D’une grande endurance, les interprètes se mettent au service de cette danse à l’état pur. Pour le chorégraphe, «C’est aussi une façon de briser l’espace sacré de la scène et une culture officielle qui se retranche souvent derrière sa propre sophistication.»  Avec ces pratiques festives d’aujourd’hui, Hofesh Shechter entend remonter aux racines primitives de la danse. Mais, en digne héritier de la Batsheva Dance Company où il fit ses débuts en Israël, il reste fidèle à son style fondé sur une puissante rythmique. 

Installé maintenant à Londres, il crée aussi des pièces pour de grandes compagnies comme récemment le Ballet de l’Opéra de Paris ( voir Le Théâtre du Blog).

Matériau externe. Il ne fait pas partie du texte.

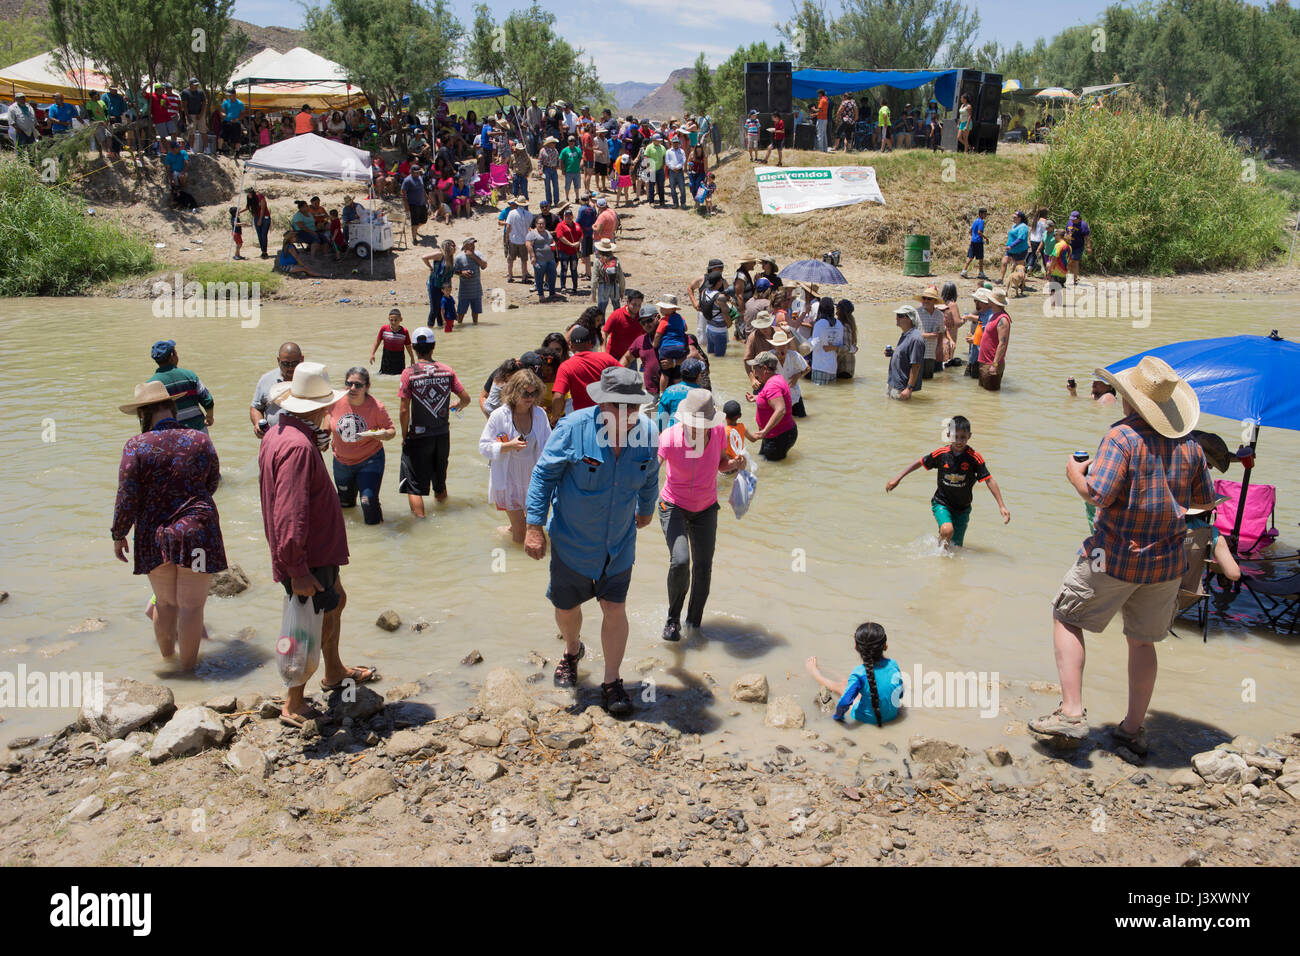 Fiesta Protesta participants, an annual demonstration again the closing of part of the US-Mexican border, gather in the Rio Grande in Lajitas, Texas. Stock Photo

Nous le retrouverons avec sa troupe, programmé conjointement par le Théâtre de la Ville et la Philharmonie de Paris. Très « tendance», les créations d’Hofesh Shechter attirent les jeunes qui se reconnaissent dans cette grammaire incandescente où il porte le son et le mouvement à l’extrême. Même si certains n’adhèrent pas à cette esthétique, il faut se réjouir de voir un nouveau public découvrir avec enthousiasme une danse contemporaine généreuse et très construite, avec des interprètes exceptionnels.

Mireille Davidovici

Jusqu’au 5 janvier, Théâtre de la Ville-Les Abbesses, 31 rue de Abbesses, Paris (XVIII ème).

Du 6 au 8 janvier, Light Bach dances, Philharmonie de Paris, 221 avenue Jean Jaurès, Paris (XIX ème). T. 01 42 74 22 77.